I am trying to determine the residue of $z=0$ where $f(z)=\frac{1}{z^2\sin(z)}$.

I have determined that $z=0$ is a pole of order $3$. Hence to compute the residue, I use $$\text{Res}(f,0)=\frac{1}{2}\lim_{z\to 0}\frac{\partial^2}{\partial z^2}\left(\frac{z}{\sin(z)}\right).$$ I am convinced I am doing something incorrect, as the calculations become very convoluted. I have computed that $$\frac{\partial^2}{\partial z^2}=\frac{z\sin^3(z)-2\sin^2(z)\cos(z)+2z\sin(z)\cos^2(z)}{\sin^4(z)},$$ but am unsure of how to further compute the residue, as I'm unable to solve this limit.

edit

I have solved the problem via the repeated use of L'Hopitals rule, but this took the work of computing some ugly limits. Is there another way?

Answer 1

$$\sin z=z-\dfrac{1}{3!}z^3+\dfrac{1}{5!}z^5-\dfrac{1}{7!}z^7+\cdots$$ then \begin{align} \dfrac{1}{z^2\sin z} &= \dfrac{1}{z^3\left(1-\dfrac{1}{3!}z^2+\dfrac{1}{5!}z^4-\dfrac{1}{7!}z^6+\cdots\right)} \\ &= \dfrac{1}{z^3}\left(1+\dfrac{1}{6}z^2+(\dfrac{1}{36}-\dfrac{1}{120})z^4+\cdots\right) \\ &= \dfrac{1}{z^3}+\dfrac{1}{6z}+\dfrac{7z}{120}+\cdots \end{align} s0 $a_{-1}=\dfrac16$.

Answer 2

$\frac{\partial^2}{\partial z^2}(\frac z{\sin z})=\frac{\partial}{\partial z}\frac{\sin z-z\cos z}{\sin^2 z}=\frac{(\sin z-z\cos z)2\sin z\cos z+z\sin^3 z}{\sin^4 z}=\frac{2\cos z(\sin z-z\cos z)}{\sin^3 z}+\frac z{\sin z}=\frac{2\cos z}{\sin^2 z}-\frac{2z\cos^2 z}{\sin^3 z}+\frac z{\sin z}$.

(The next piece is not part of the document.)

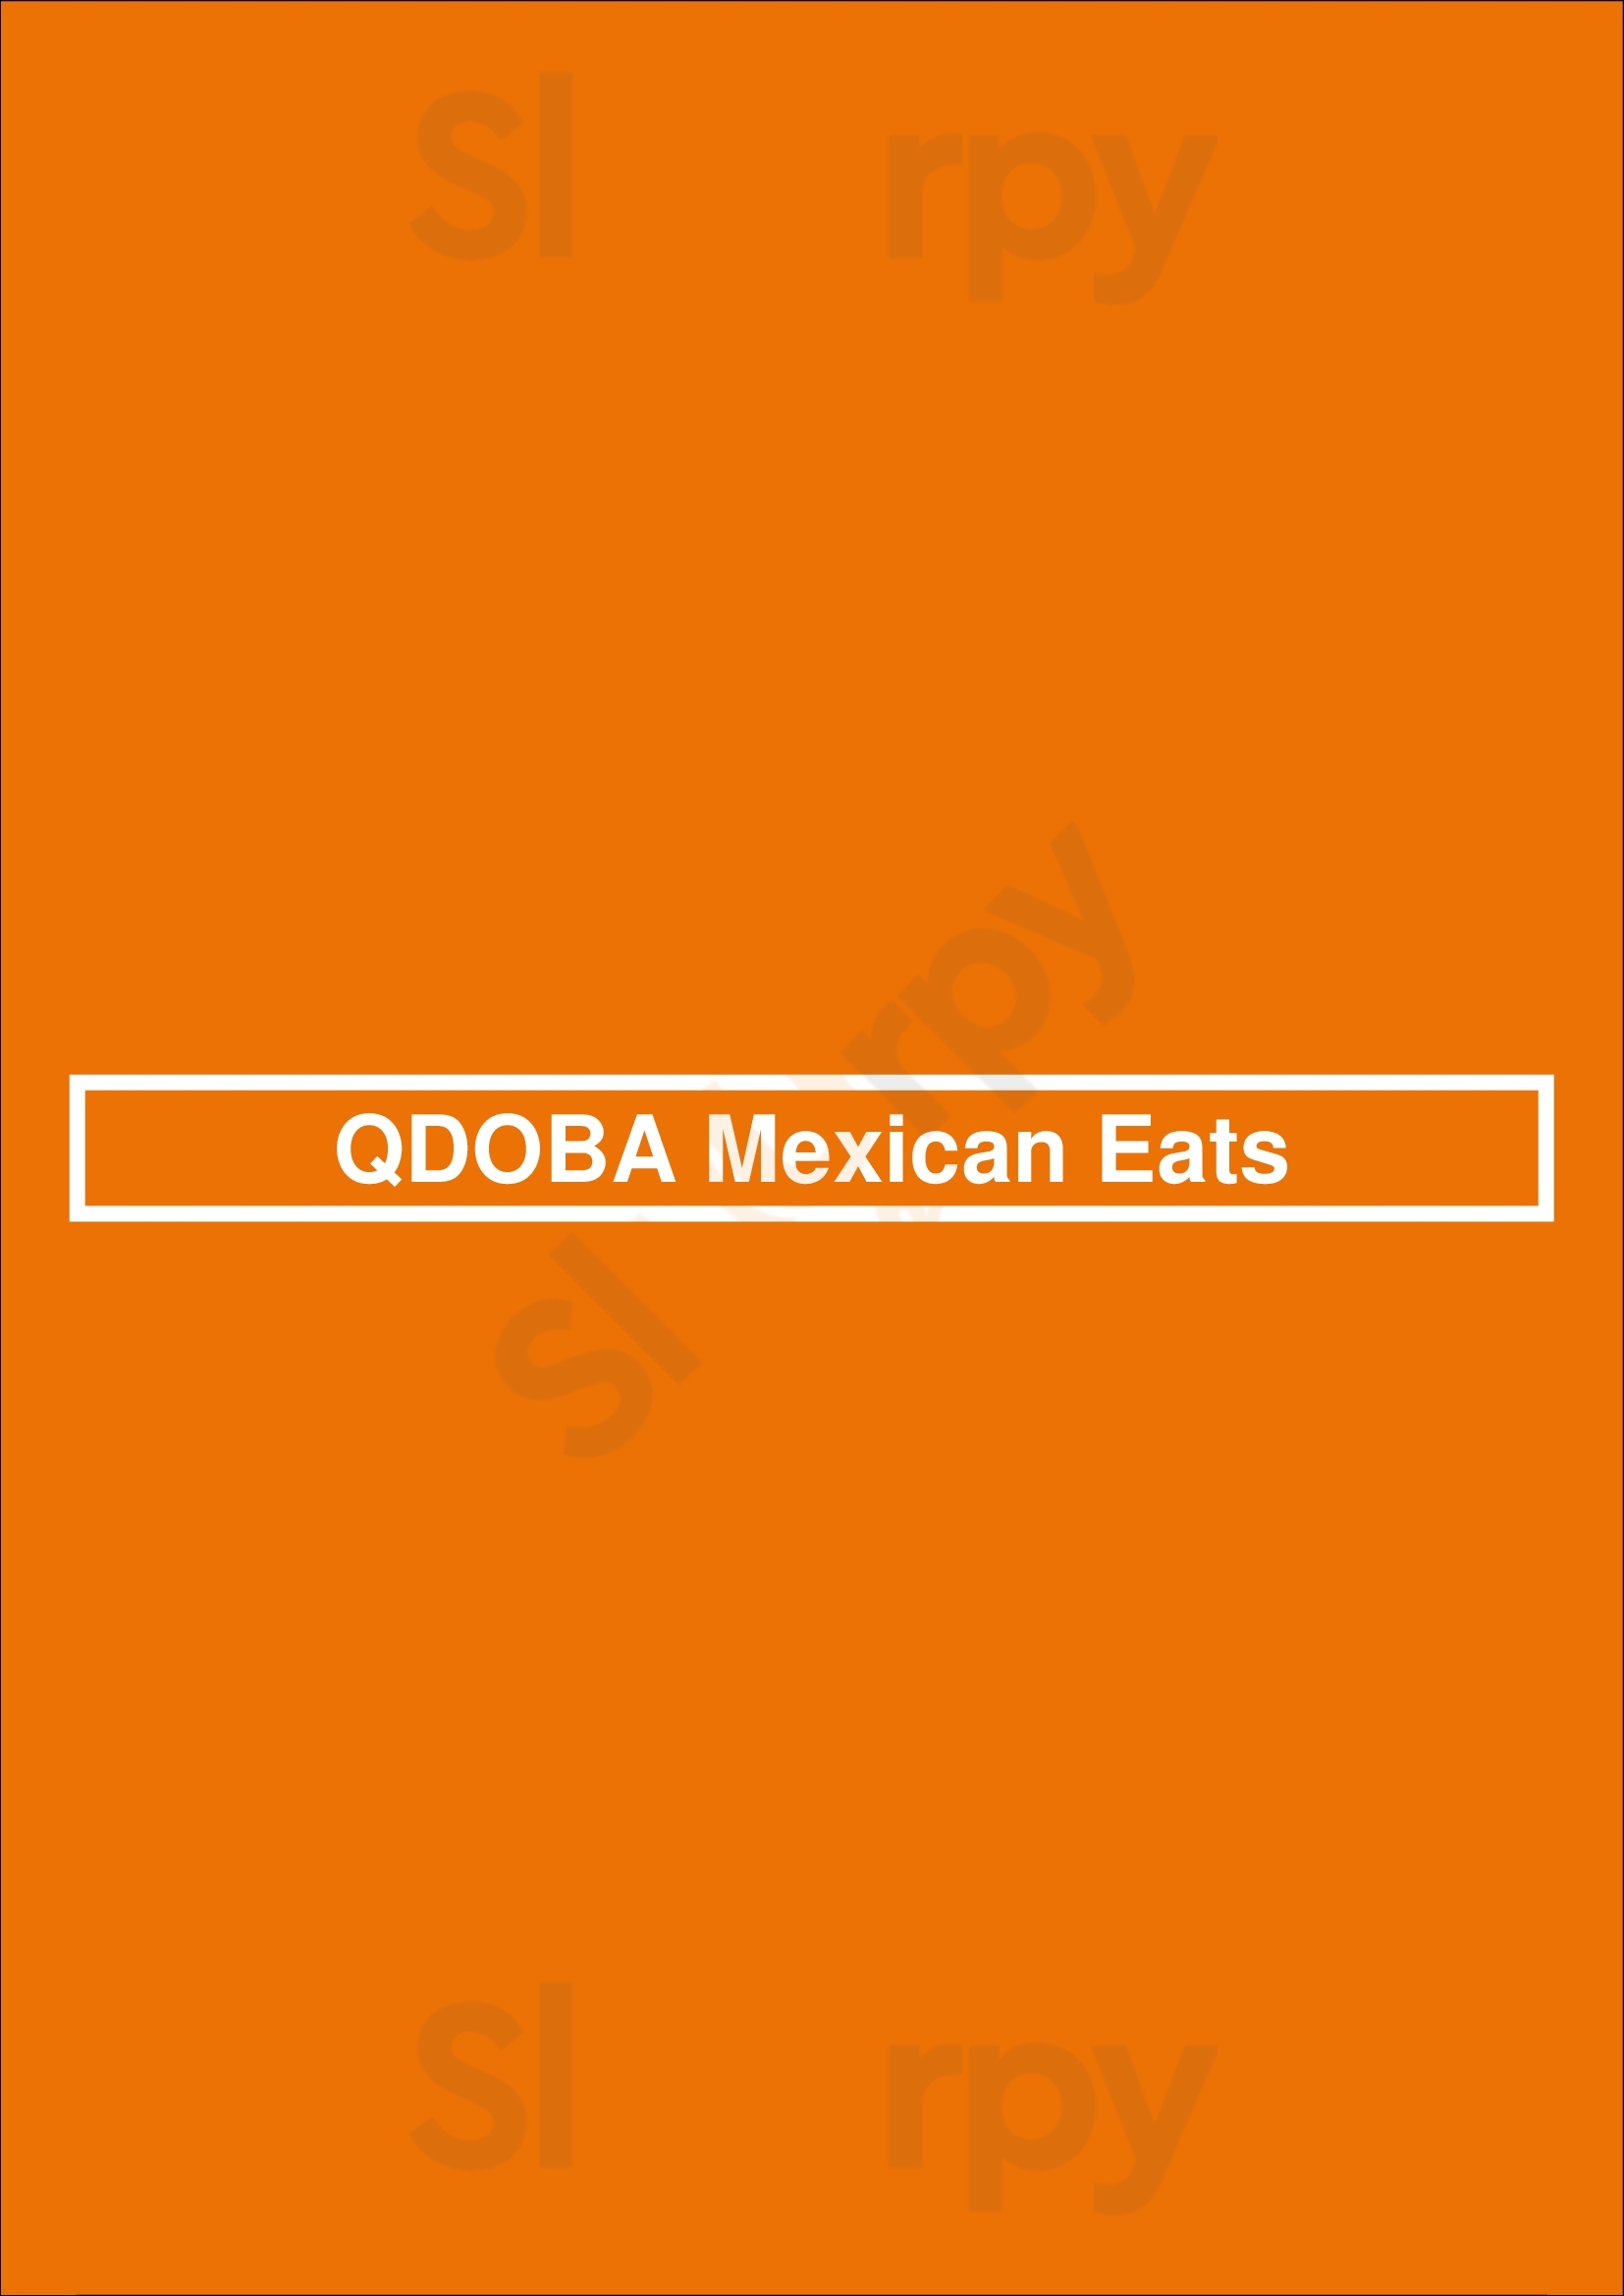 Qdoba Mexican Eats Lexington Menu - 1

Now for the middle term (as the other two are easier) , we use L'Hôpital's: $\frac{2\cos^2 z-4 z\cos z\sin z}{3\sin^2 z\cos z}=\frac{2\cos z}{3\sin^2 z}-\frac{4z}{3\sin z}$

Now for the first term (as the other is easy), L'Hôpital's again: $-\frac1{3\cos z}\to-\frac13$.

The limit of each term is now easy:

$-1-(-\frac13-\frac43)+1=\frac13$.

I get a limit of $\frac13$.